What is the spot market and the spot price?

Understanding the spot market and spot prices is fundamental to understanding how much you ultimately pay for electricity.

The National Electricity Market (NEM) operates as a ‘spot market’.  This means that supply and demand are matched instantaneously, and generators are paid a spot price for the energy they generate in any given period.

The Australian Energy Market Operator (AEMO) manages the spot market, balancing supply and demand in real time. With the safe delivery of energy the priority, AEMO controls a number of physical aspects of the market which ultimately impacts which generators are dispatched, and what spot price is achieved.

AEMO provides the market information regarding how much demand is expected. Generators compete to supply this energy by providing a bid stack to AEMO that ultimately tells the market operator how much energy they are prepared to generate for a given price.

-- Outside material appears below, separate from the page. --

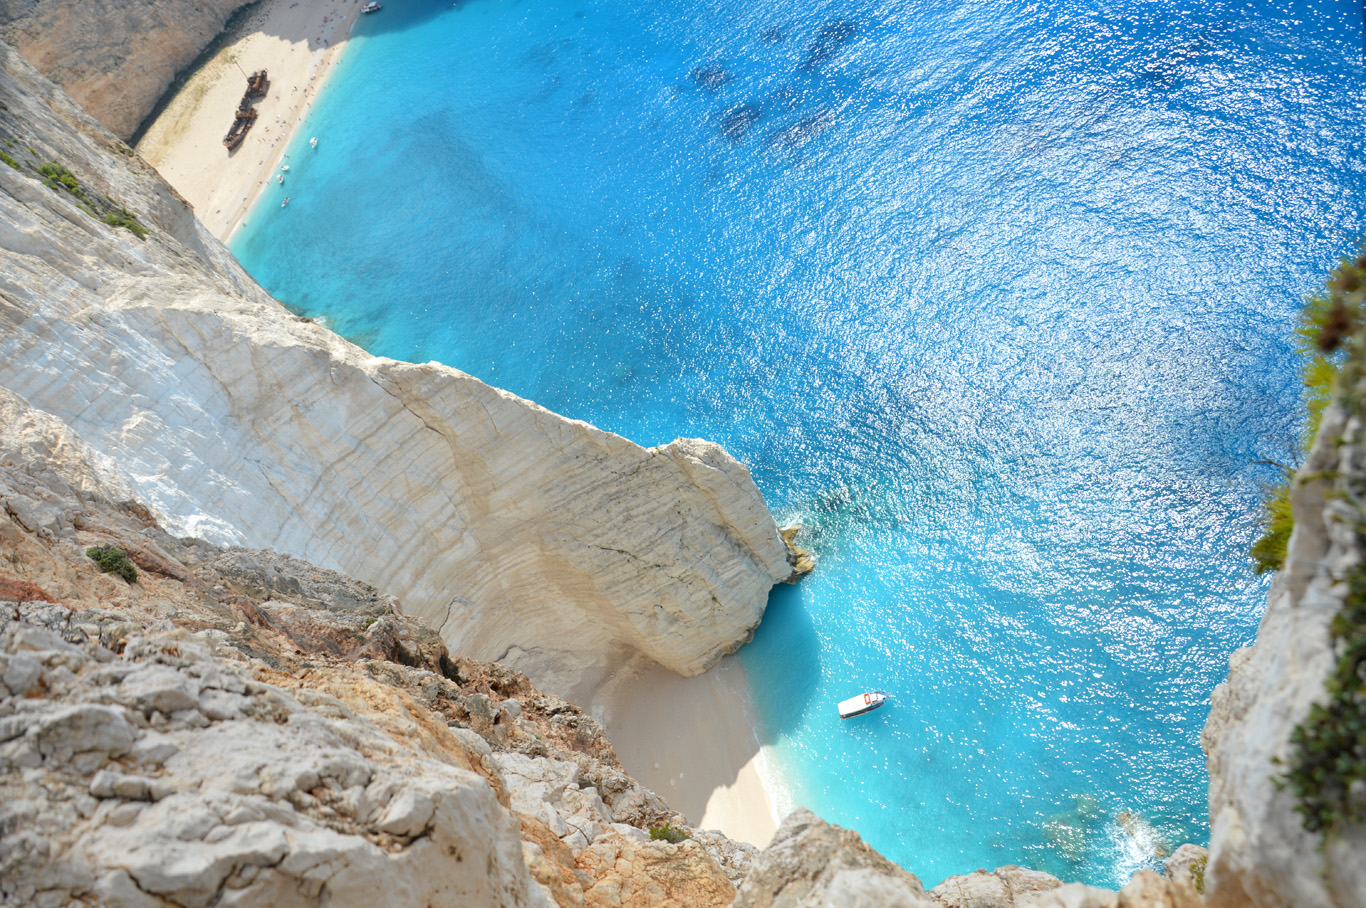 How To Reach The Shipwreck (Navagio) Beach In Zakynthos, Greece - The

AEMO aggregates all the bid stacks from cheapest to most expensive, manages the physical requirements of the system (which stands to impact some generation with constraints, ancillary services, interconnector flows, etc.), and sets the spot price in a region at the lowest price where actual demand intersects the relevant bid stack. . All supply at and below this level is required to generate and will be paid the spot price.

Supply and demand is physically managed by AEMO varying the market in 5-minute dispatch intervals. For the purpose of financially settling the spot market, it is done in 30-minute trading intervals (an average of the six 5-minute dispatch intervals). This means the spot market currently operates in a way that physical dispatch and financial settlement are determined over different timeframes. The market was designed in this manner to incentivise slow ramping thermal generators and large users to benefit from changes to load up to 25 minutes after the price signal has been sent.

The spot market and the setting of spot prices is highly complex and governed by stringent rules for both bidding and dispatch processes (all of which go well beyond the high-level principles outlined in this article). Despite this, the dispatch and settlement timing mismatch has led to disorderly bidding practices whereby generators have been accused of ‘gaming’ the market. The Australian Energy Market Commission (AEMC) determined that in the long-term, the pricing anomaly may lead to inappropriate investment and higher prices for consumers.

Consequently, in a move to further enhance the market, from 01 July 2021 the market will start to move to 5-minute spot pricing. This means dispatch and financial settlement will be aligned, disorderly bidding will be managed, and fast response technologies such as batteries will be rewarded.